Store Hive data in ORC format

You cannot directly load data from blob storage into Hive tables that is stored in the ORC format. Here are the steps that the you need to take to load data from Azure blobs to Hive tables stored in ORC format.

Create an external table STORED AS TEXTFILE and load data from blob storage to the table.

    CREATE EXTERNAL TABLE IF NOT EXISTS <database name>.<external textfile table name>
    (
        field1 string,
        field2 int,
        ...
        fieldN date
    )
    ROW FORMAT DELIMITED FIELDS TERMINATED BY '<field separator>'
        lines terminated by '<line separator>' STORED AS TEXTFILE
        LOCATION 'wasb:///<directory in Azure blob>' TBLPROPERTIES("skip.header.line.count"="1");

    LOAD DATA INPATH '<path to the source file>' INTO TABLE <database name>.<table name>;

Create an internal table with the same schema as the external table in step 1, with the same field delimiter, and store the Hive data in the ORC format.

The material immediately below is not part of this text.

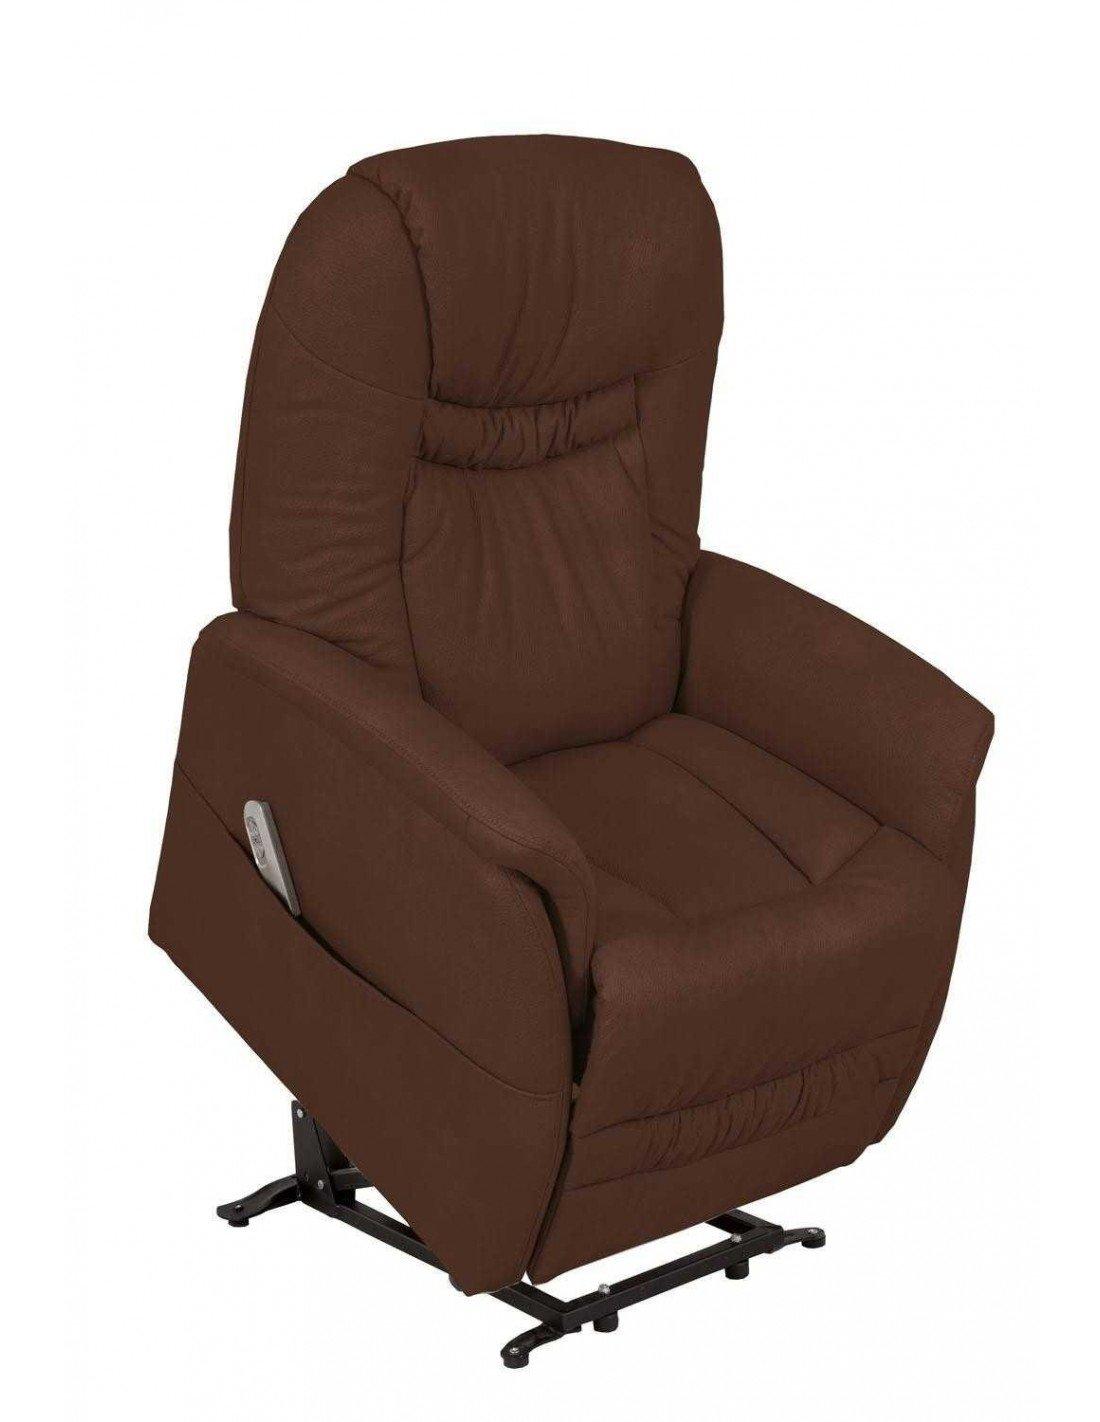 fauteuil releveur menton 2 moteurs cacao espry medical. Black Bedroom Furniture Sets. Home Design Ideas

    CREATE TABLE IF NOT EXISTS <database name>.<ORC table name>
    (
        field1 string,
        field2 int,
        ...
        fieldN date
    )
    ROW FORMAT DELIMITED FIELDS TERMINATED BY '<field separator>' STORED AS ORC;

Select data from the external table in step 1 and insert into the ORC table

    INSERT OVERWRITE TABLE <database name>.<ORC table name>
        SELECT * FROM <database name>.<external textfile table name>;
Note

If the TEXTFILE table <database name>.<external textfile table name> has partitions, in STEP 3, the SELECT * FROM <database name>.<external textfile table name> command selects the partition variable as a field in the returned data set. Inserting it into the <database name>.<ORC table name> fails since <database name>.<ORC table name> does not have the partition variable as a field in the table schema. In this case, you need to specifically select the fields to be inserted to <database name>.<ORC table name> as follows:

    INSERT OVERWRITE TABLE <database name>.<ORC table name> PARTITION (<partition variable>=<partition value>)
       SELECT field1, field2, ..., fieldN
       FROM <database name>.<external textfile table name>
       WHERE <partition variable>=<partition value>;

It is safe to drop the <external textfile table name> when using the following query after all data has been inserted into <database name>.<ORC table name>:

    DROP TABLE IF EXISTS <database name>.<external textfile table name>;

After following this procedure, you should have a table with data in the ORC format ready to use.